Destiny Barber’s life had been spiraling out of control when her case manager referred her to a transitional living program for LGBTQ youth.
In the months since she’s been at the Family Resources residence in Clearwater, Barber, 18, has been working on her GED, preparing to live independently and speaking confidently about becoming a well-known cosmetologist.
She envisions being "internet famous."
"I want people, when they say, Destiny, I want them to know, oh, that’s the girl who does really good makeup. Or, that’s the girl who did my hair. Or, that’s the girl who did Beyonce’s makeup. I want to be known for my dream. I want to be known for something I love doing," she said.
"But if that doesn’t work, I would love to become a travel nurse."
Barber, who is bisexual, has been living at Family Resources’ SafePlace2Btoo since April. It can accommodate up to 12 young people, ages 16 to 21, and they can remain for up to 18 months.
"This place is just amazing and they should make more of them, because it gives young adults like us second chances," she said.
Advocates say there’s an acute need for services and permanent housing for young people like Barber. They add that official numbers don’t give a true picture of homeless youth in Pinellas County, because many hide in plain sight in parks, on beaches and "couch surf" at the homes of family and friends.
"We do believe that homeless youth are hidden," said Susan Myers, CEO of the Pinellas County Homeless Leadership Board. "They are not overly inclined to go to typical homeless shelters. We do know that youth often hide from the authorities. ...They don’t want to get into the child welfare system. And a significant number are LGBT who get kicked out of their homes."
In Pinellas County, a collaborative effort is underway to address the issue. Family Resources, which has provided shelter for runaway and homeless children and youth since 1978, is working with other organizations to open a resource center in St. Petersburg.

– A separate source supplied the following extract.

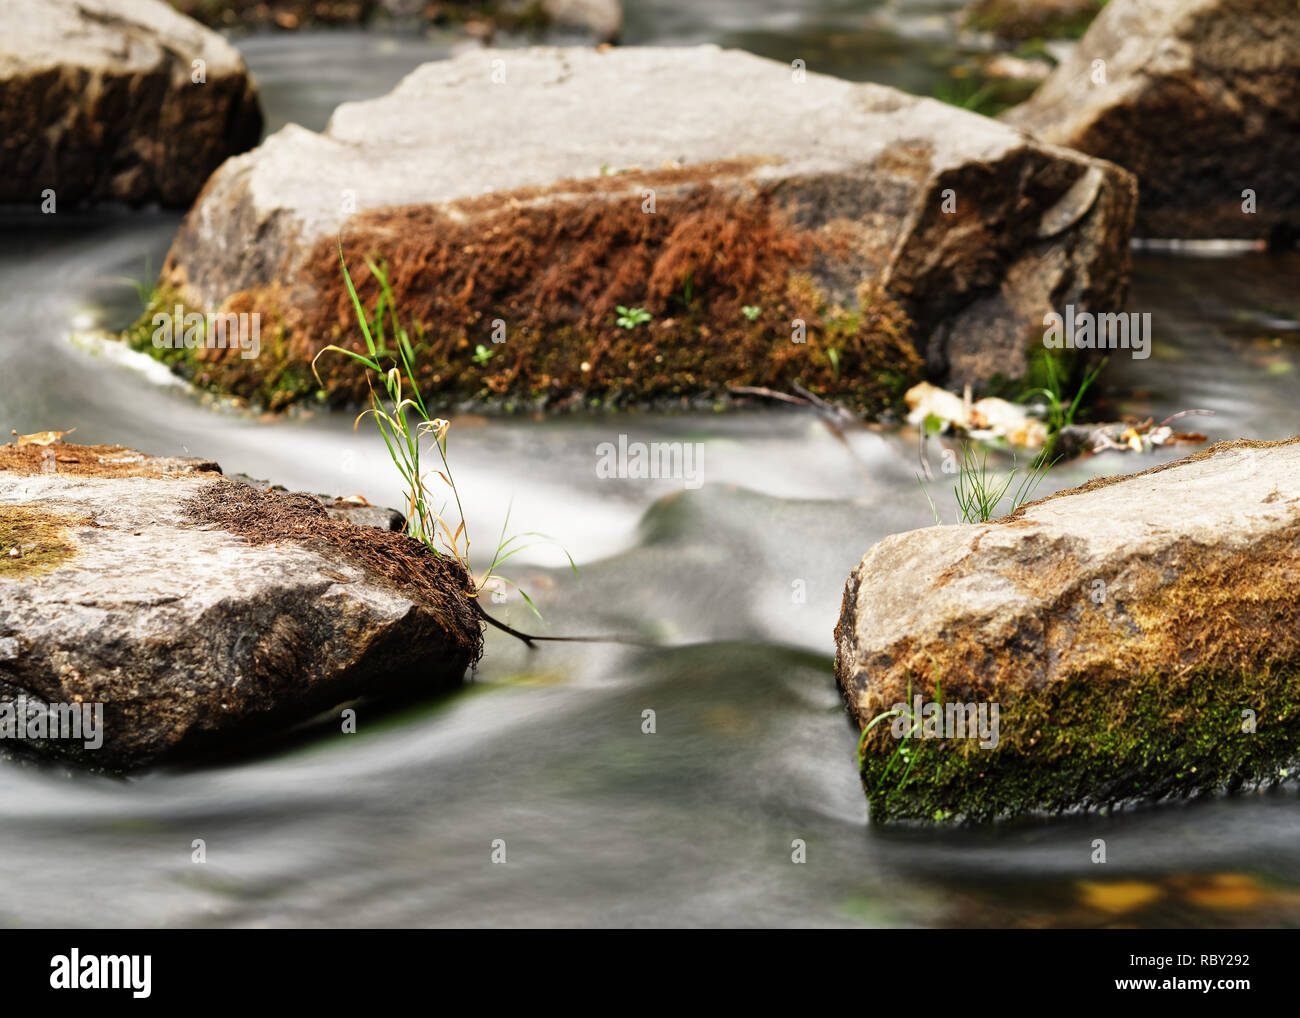 Detail view of flowing water of a small river, the water flowing past rocks covered with moss and single tufts of grass, narrow sharpening zone, flowi Stock Photo

To be known as Safe Connections, the center at 3821 Fifth Ave. N will begin by addressing one aspect of the problem. The idea evolved from a survey of homeless LGBTQ youth in Pinellas County.
"One of the prominent pieces of information that came from the survey of the kids was they needed a better understanding of where they could go to get help and access services," said Family Resources CEO Lisa Davis.
The Foundation for a Healthy St. Petersburg funded the 2016 survey. True Colors Fund in New York, which works to end homelessness among LGBT youth and was co-founded by singer Cyndi Lauper, is an advisor to the local program.
Even with its limited sample of 265 homeless youth, the survey concluded that "the number of homeless youth in Pinellas County, at a minimum, numbers in the hundreds."
Data from the 2018 Homeless Leadership Board’s "point-in-time" count showed the Pinellas County School District reporting 183 homeless students, ages 18 and older. The annual "point-in-time" count done in January reported 106 unaccompanied homeless young adults, ages 18 to 24.
Myers reiterated the difficulty of getting accurate counts. "They don’t trust the system," she said. They don’t trust adults. Many of them are exploited."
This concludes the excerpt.